A Philosopher Reviews Judea Pearl's “The Book of Why” - fluentmundo
https://bostonreview.net/science-nature/tim-maudlin-why-world
======
epistasis
I like the review, but the criticism of distinguishing causality from
counterfactual reasoning feels weak to me. Do we actually care about the
counterfactual reasoning most? Of course. But establishing causality as its
own thing before counterfactuals is necessary in the way that Pearl has
structured his math. And even the grammar of human languages enforces this
separation of concepts. Do you need causality to even have the concept of
counterfactual? Of course. Is there value in describing that causality before
going on to counterfactuals? Yes I think so, because of the difficulties of
current counterfactual algorithms.

Separating out causality opens the door to doing counterfactual reasoning in
better ways.

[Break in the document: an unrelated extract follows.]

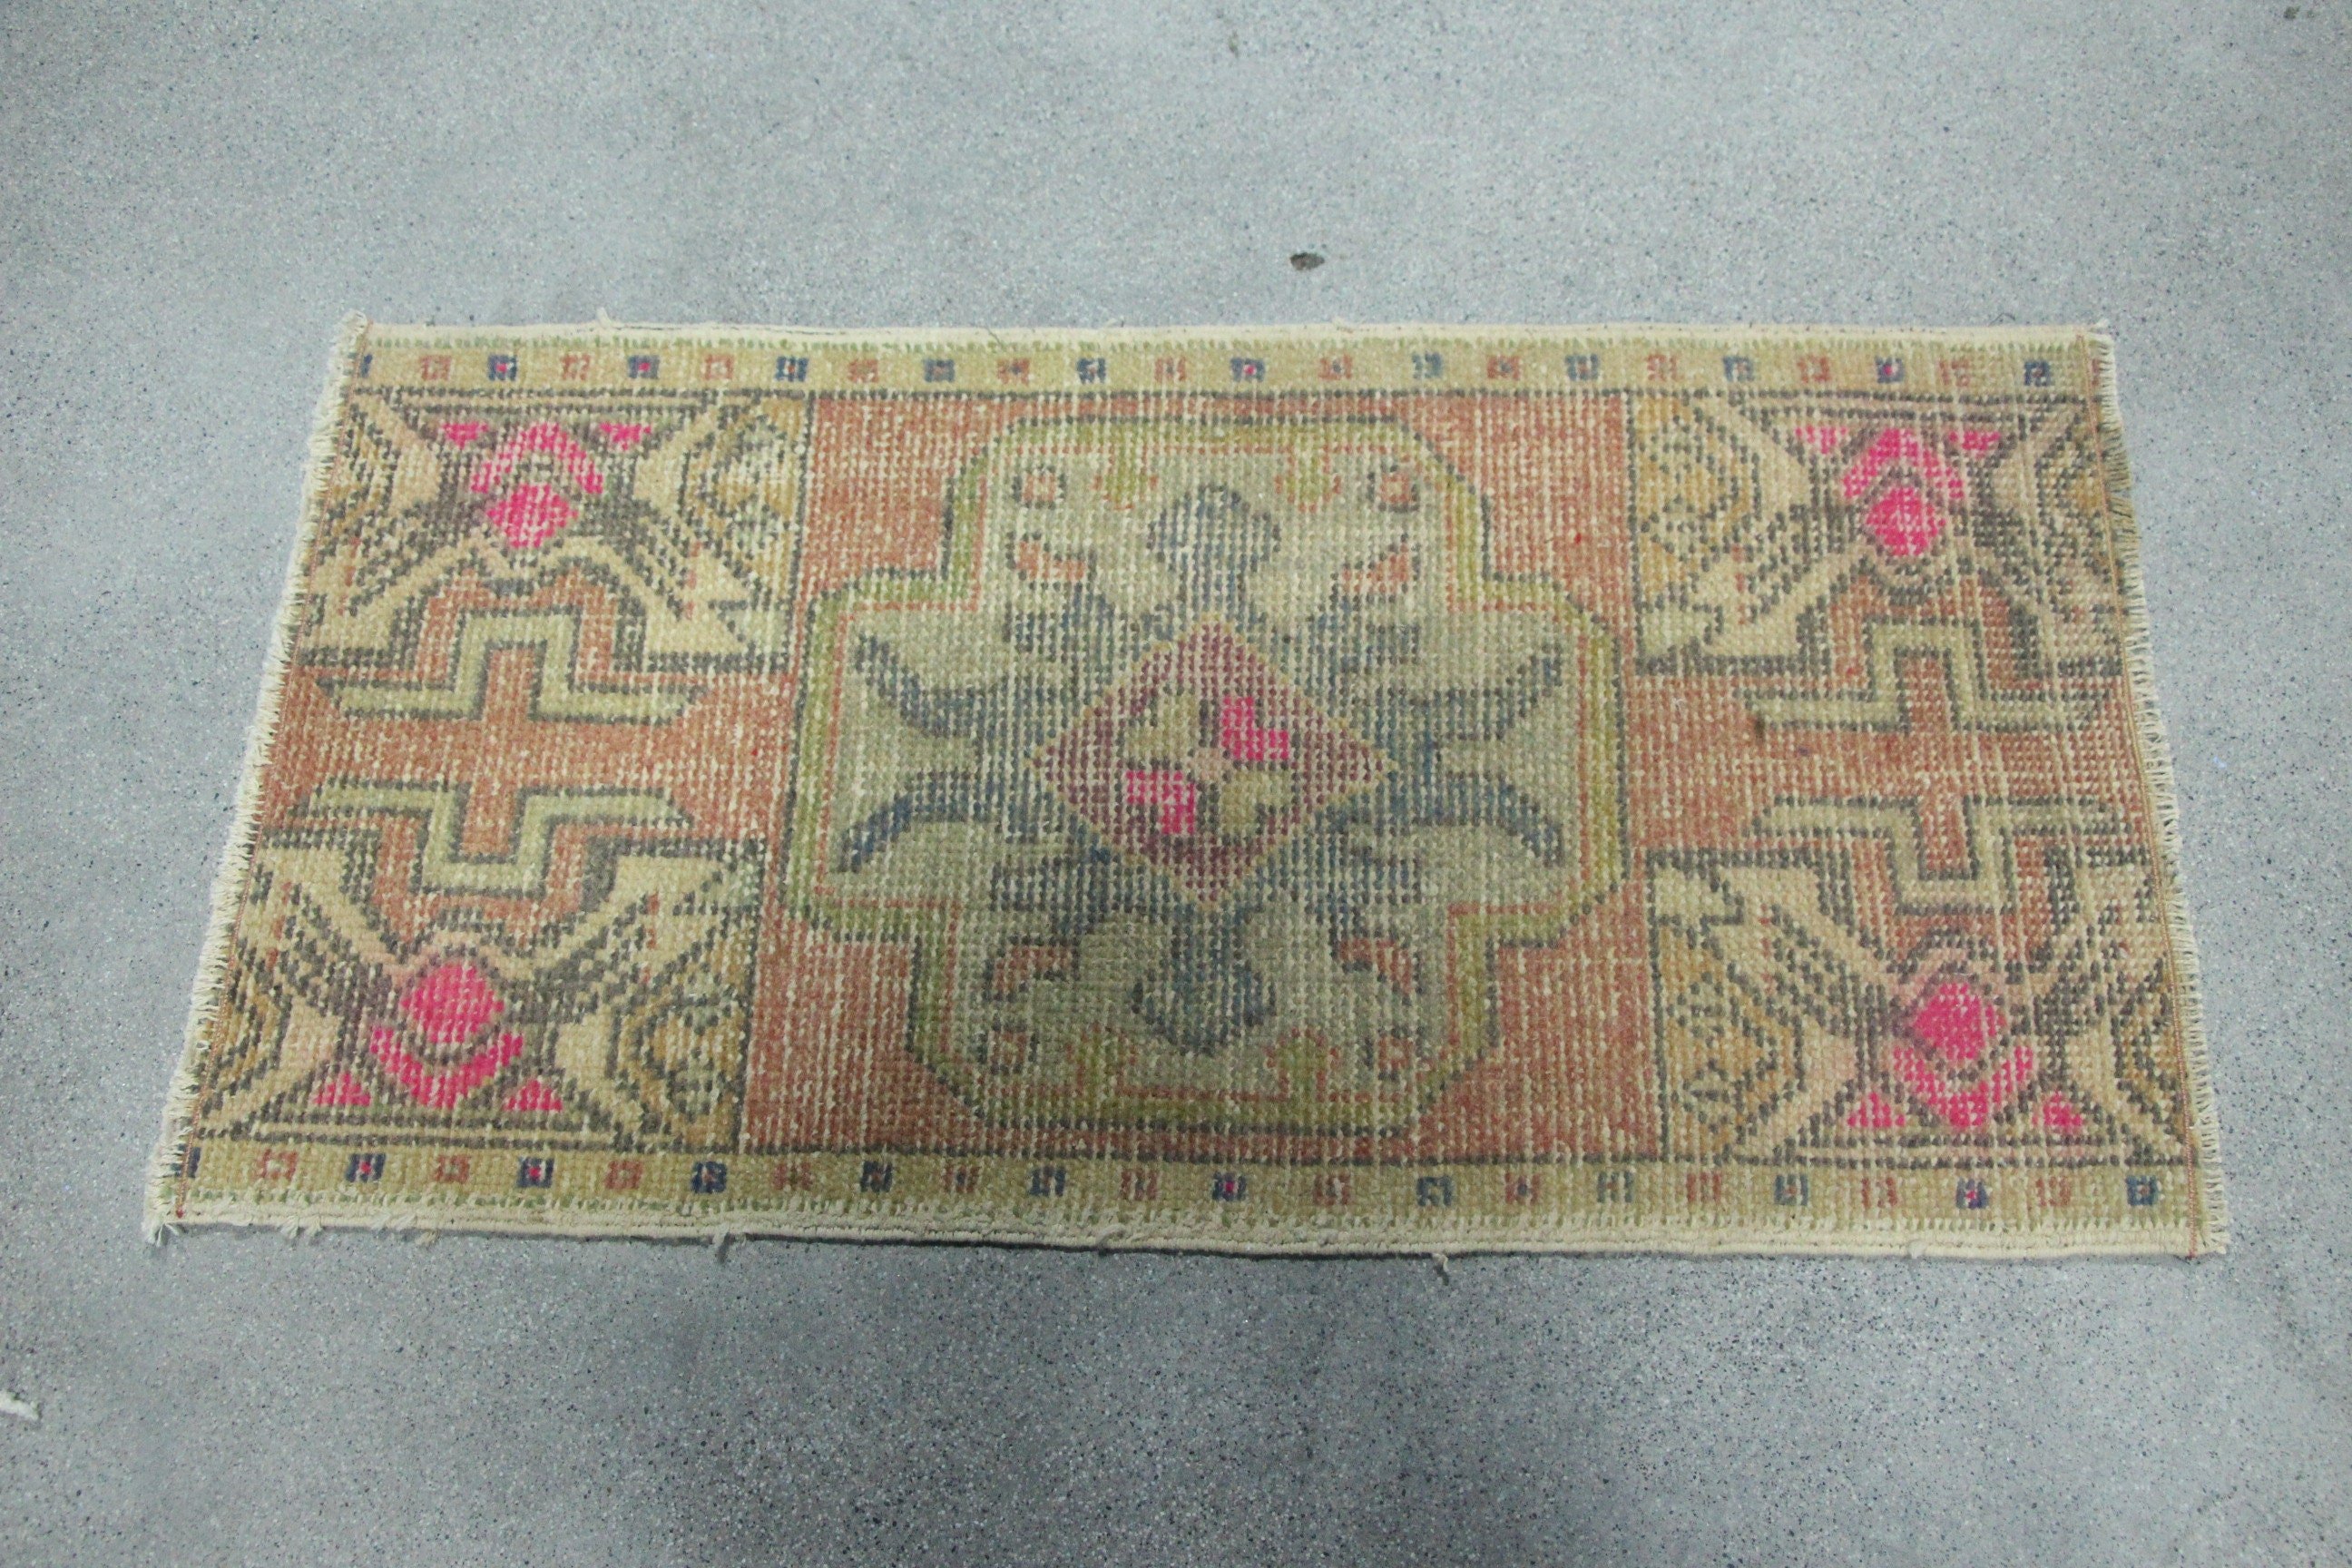 1.7x3.2 ft Small Rug, Cool Rug, Entry Rugs, Orange Antique Rugs, Vintage Rug, Turkish Rug, Wall Hanging Rug, Hand Woven Rugs, Moroccan Rug

Since whatever method is in the Book of Why confused the
reviewer, it's probably not the best way to look at counterfactuals, so the
causality bits can be taken without establishing the counterfactual methods as
the be-all end-all.

For that matter, DAGs versus cyclic directed graphs or time-based DAGS is
still a big concern too. Many if not most of our causal reasoning will have
loops, when time is not accounted for, and DAG formulations make this
difficult to unroll. There may be big improvements in causal modeling, without
considering the counterfactuals even.

Also, in Pearl's prior 2000 book on Causality, it's clear that Pearl gave
plenty of credit to Spirtes, and it always seemed that they were working in
parallel and on very similar problems; I'm not sure how much Spirtes took from
Pearl, but Pearl makes clear that his ideas are heavily informed by Spirtes'
work.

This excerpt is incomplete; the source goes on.